# Hands-On Tutorial: Top N Recipe[¶](https://knowledge.dataiku.com/latest/courses/advanced-data-prep/visual-recipes-102/topn/topn-hands-on.html#hands-on-tutorial-top-n-recipe "Permalink to this headline")

Recall that the Explore tab of a dataset only includes a sample of the actual dataset. Accordingly, sorting a column in that view only sorts the rows in the current sample. The true minimum or maximum value for a column might not be included.

The **Top N** recipe allows you to retrieve records from a dataset based on the top and bottom values of a given column, or groups within a column.
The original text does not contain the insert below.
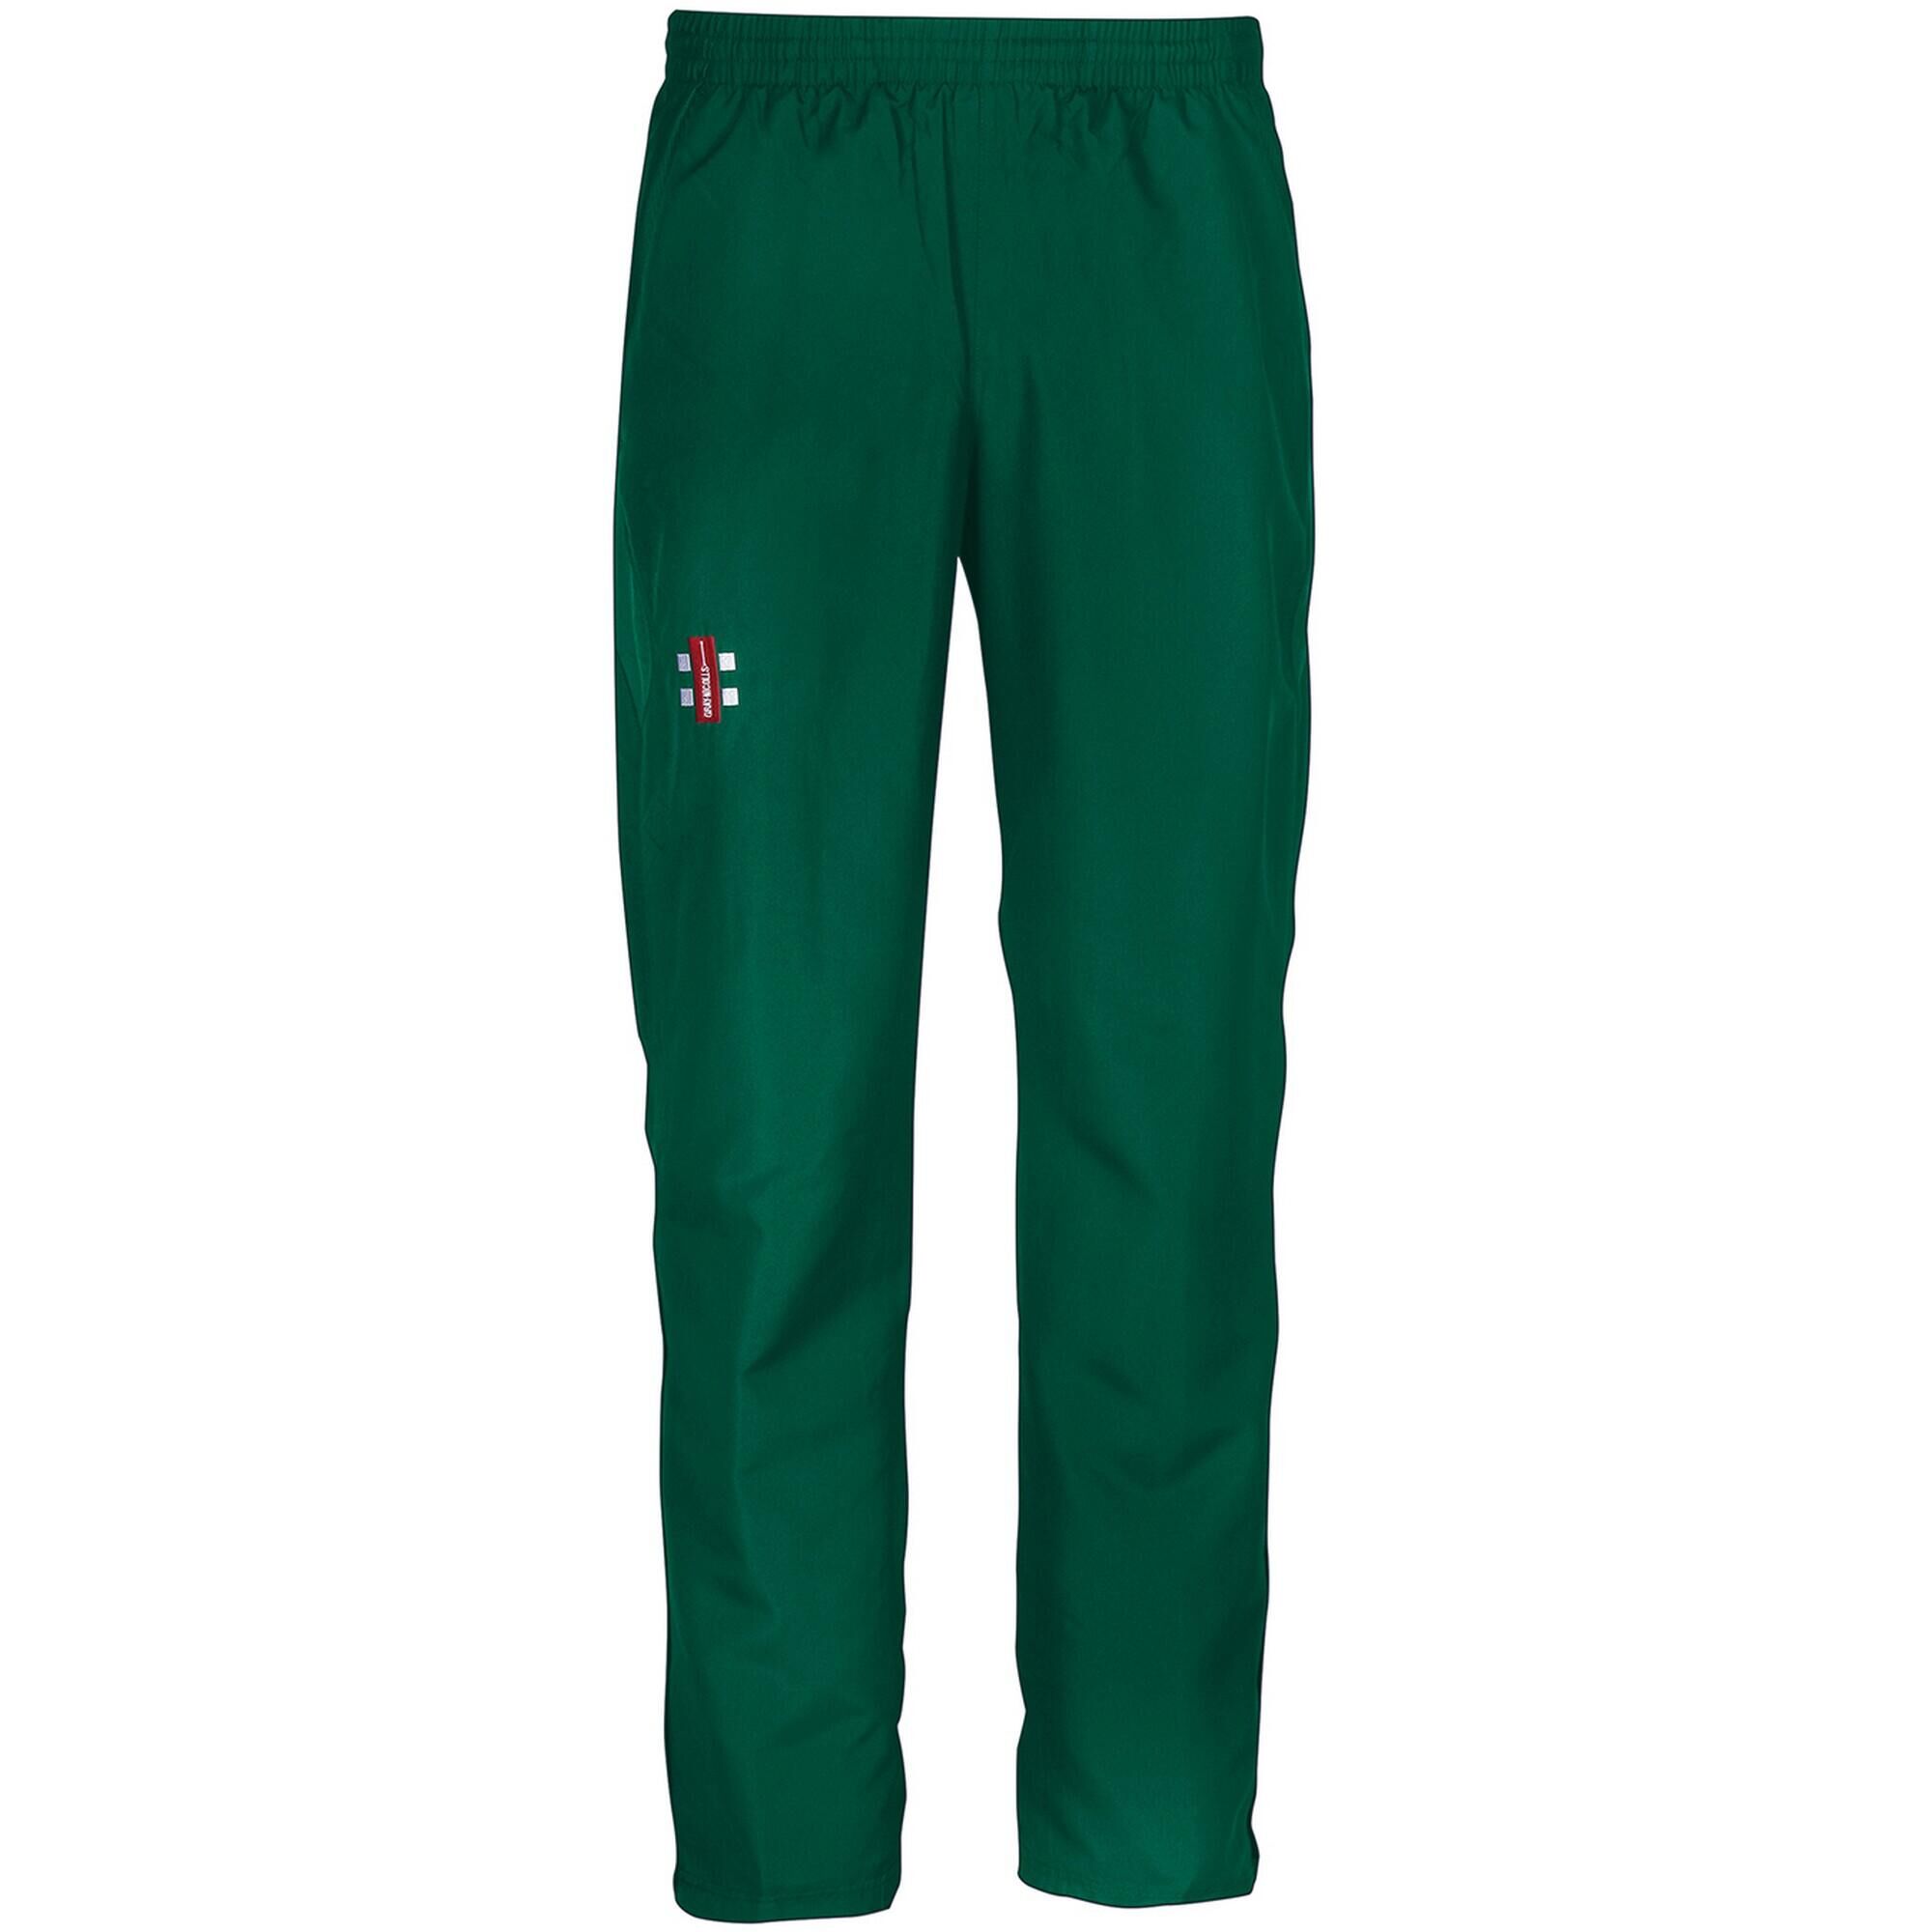 GRAY-NICOLLS Adults Unisex Storm Track Trousers (Green)
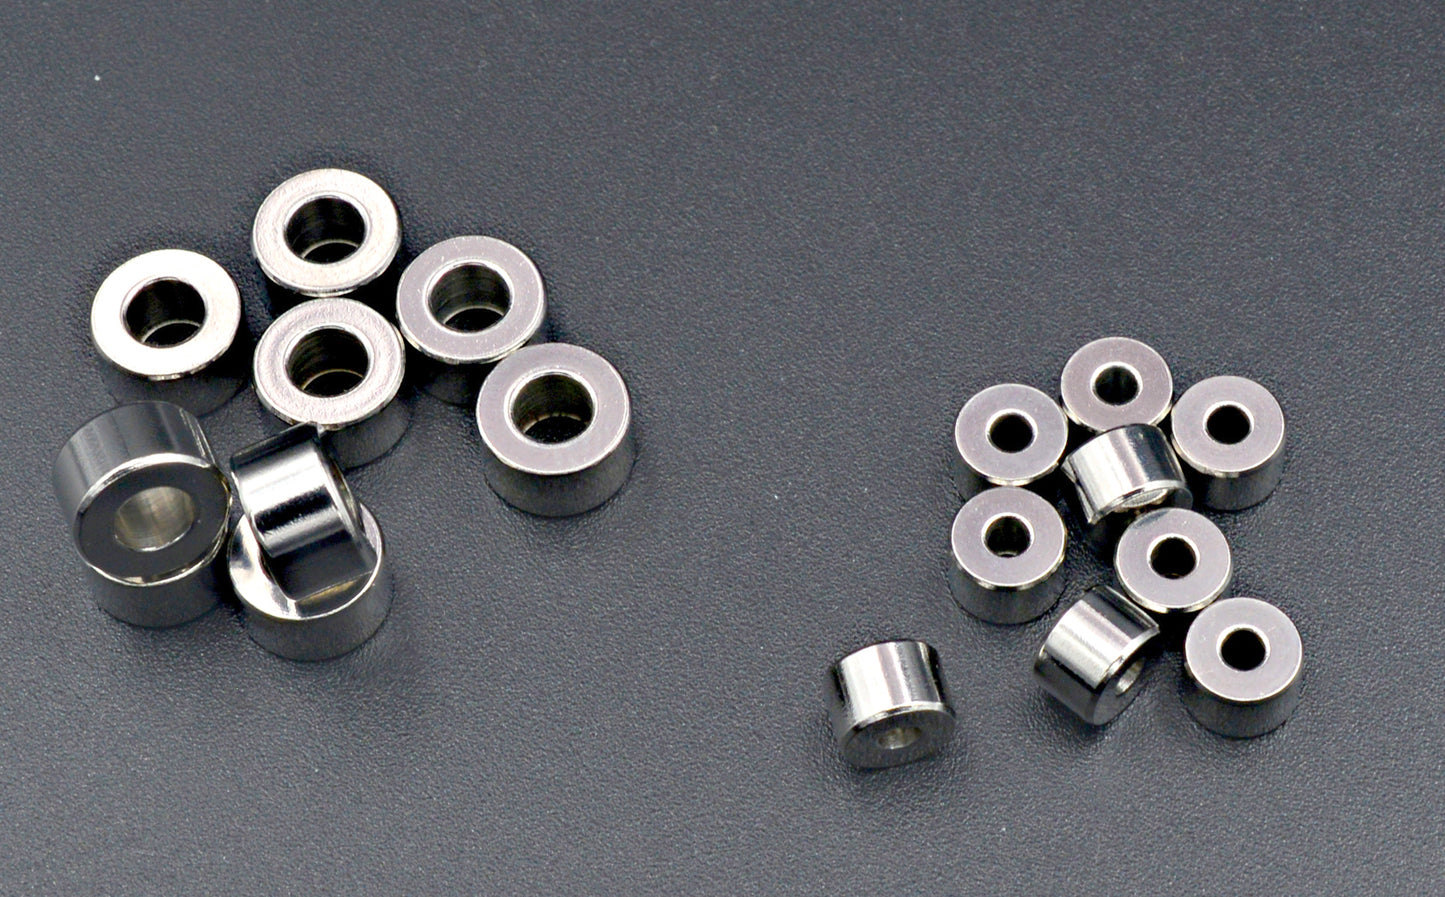 Stainless Steel Cylinder Roundel Plain Spacer Beads Size 6x4mm, 8x4mm Jewelry Finding Supply For Jewelry Making

This can be especially helpful when publishing results to a dashboard.

## Let’s Get Started![¶](https://knowledge.dataiku.com/latest/courses/advanced-data-prep/visual-recipes-102/topn/topn-hands-on.html#lets-get-started "Permalink to this headline")

Using the same credit card transactions project from other Advanced Designer tutorials, you’ll learn how to:

* retrieve records of a dataset based on the top and/or bottom values of a column using the visual **Top N** recipe

* create new columns with the **Computed Columns** step of the Top N recipe.

This lesson assumes that you have basic knowledge of working with Dataiku DSS datasets and recipes.

Note

If not already on the Advanced Designer learning path, completing the Core Designer Certificate is recommended.

To complete the Advanced Designer learning path, you’ll need access to an instance of Dataiku DSS (version 8.0 or above) with the following plugins installed:

* Census USA (minimum version 0.3)

* Reverse geocoding

These plugins are available through the Dataiku Plugin store, and you can find the instructions for installing plugins in the reference documentation. To check whether the plugin is already installed on your instance, go to the **Installed** tab in the Plugin Store to see a list of all installed plugins.

Note

If your goal is to complete **only** the tutorials in Visual Recipes 102, the Census USA plugin is not required.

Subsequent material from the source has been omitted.